__To do__
Down to the last line, print the data that follows exactly, without its pictures.

__Dataset section__
Segment Open

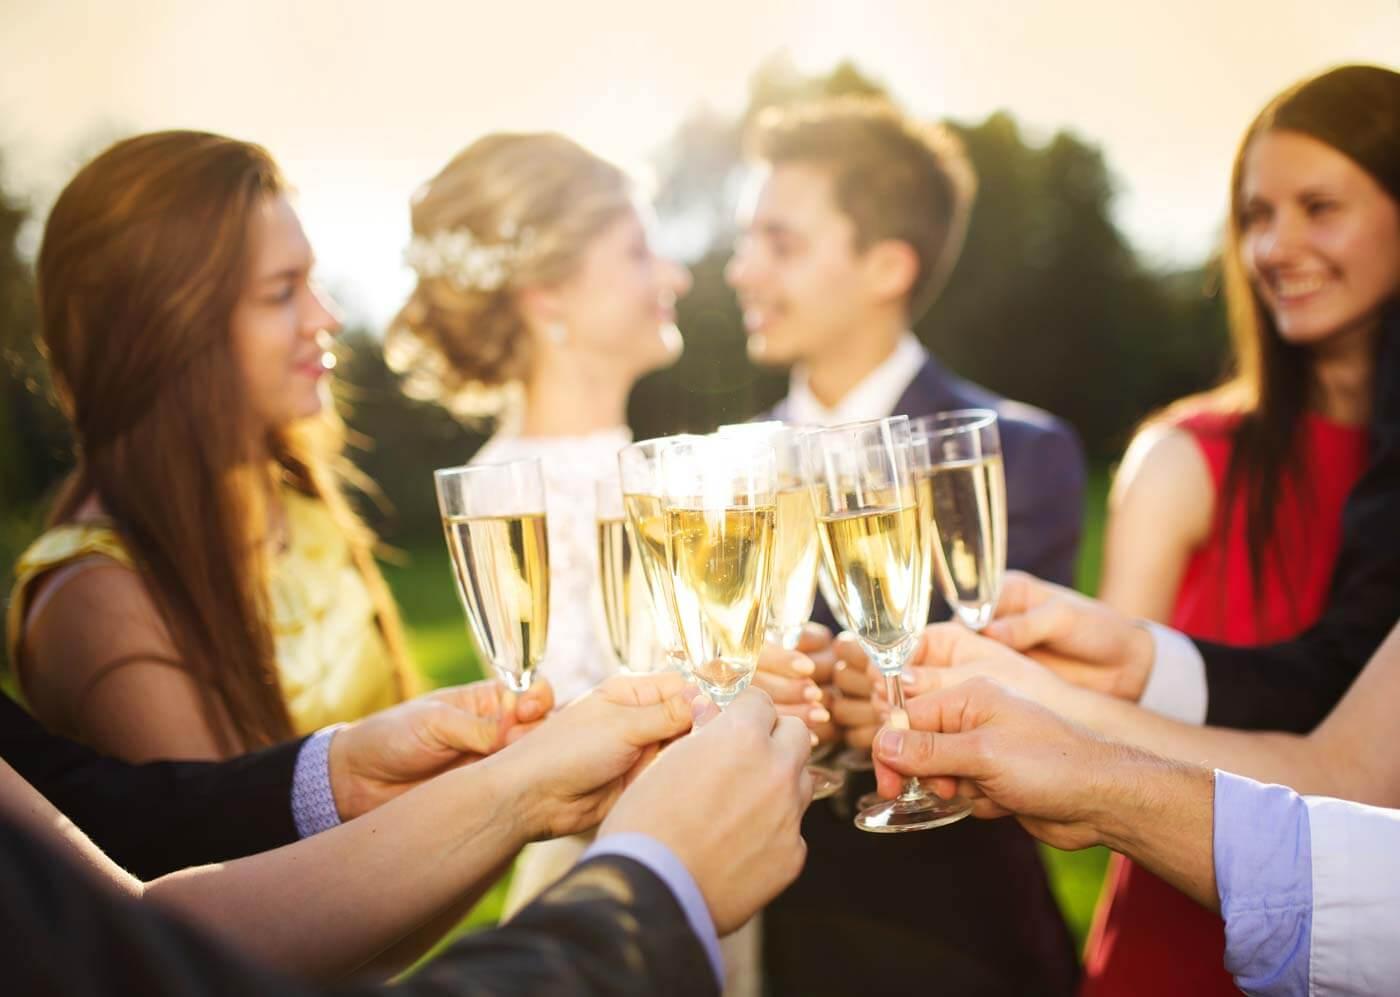 Ansprache zur Hochzeit
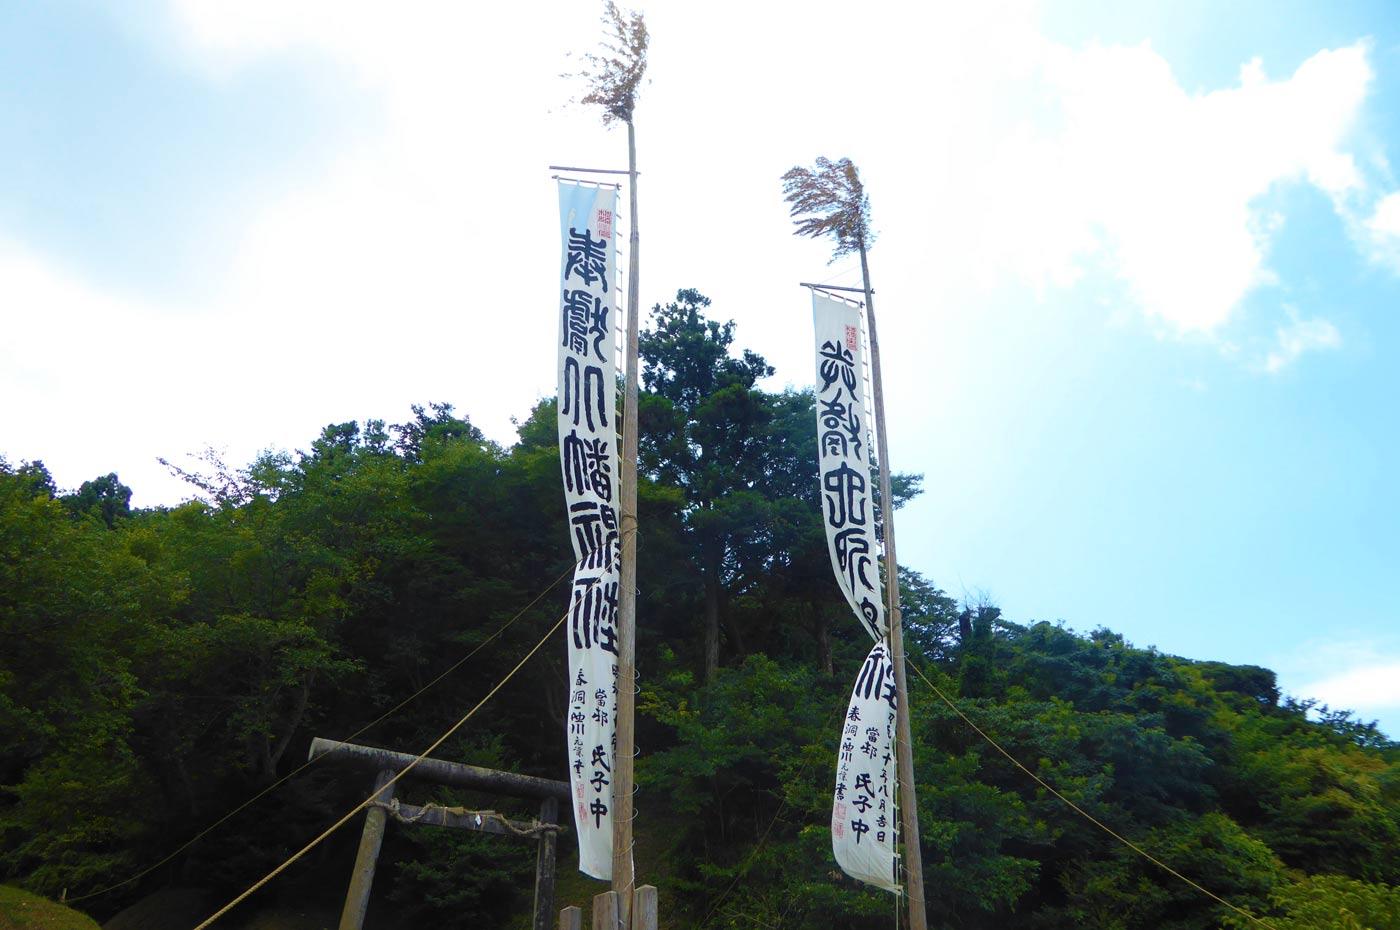 上佐久間・八幡神社
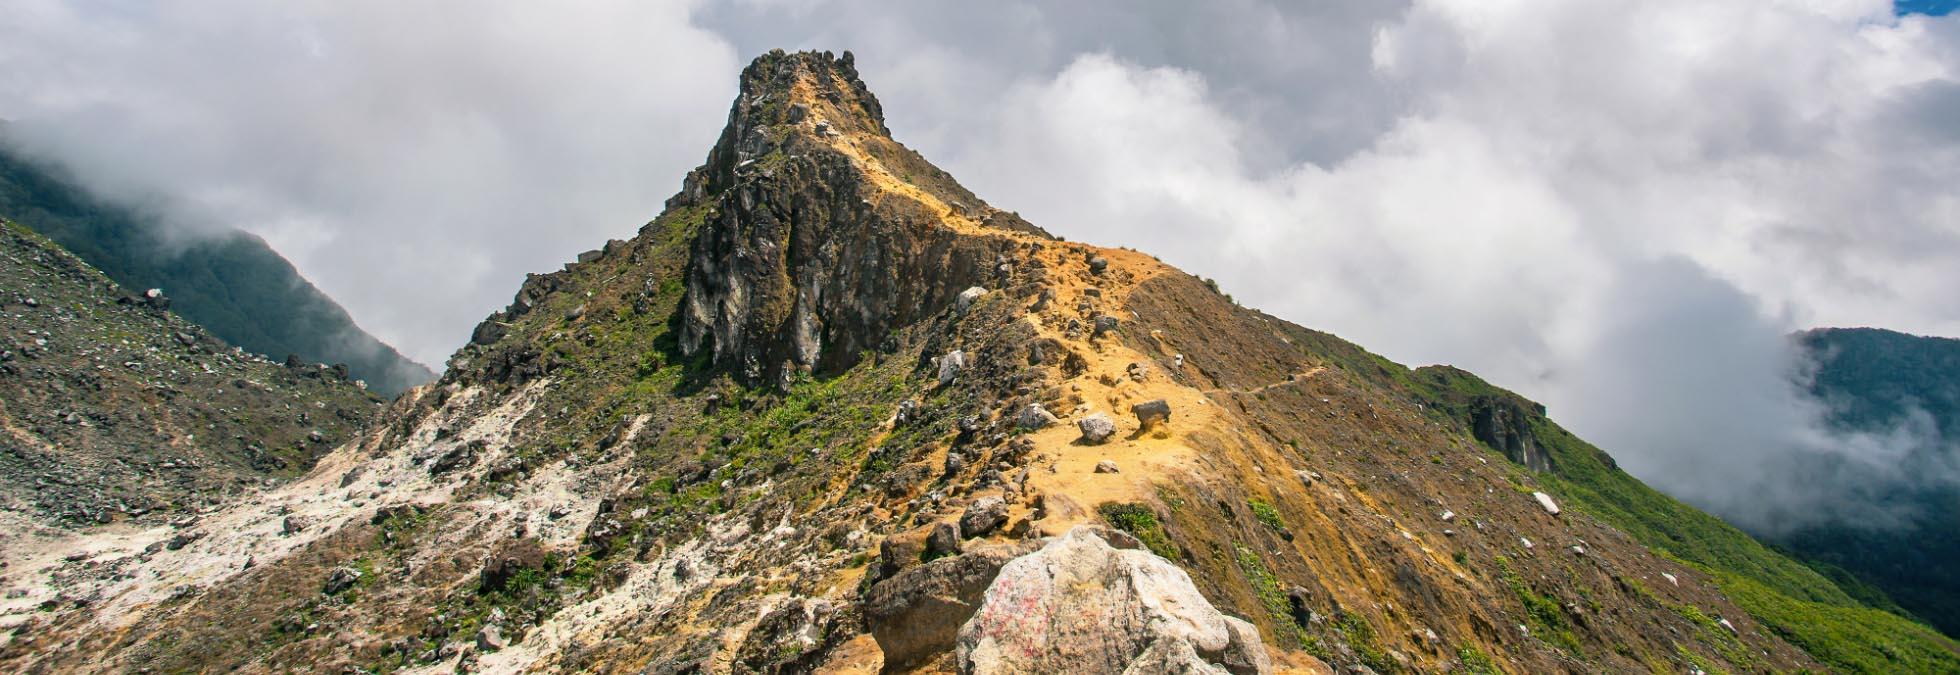 Monte Berastagi

Segment Closed

__Solution for this problem__
 Ansprache zur Hochzeit
 上佐久間・八幡神社
 Monte Berastagi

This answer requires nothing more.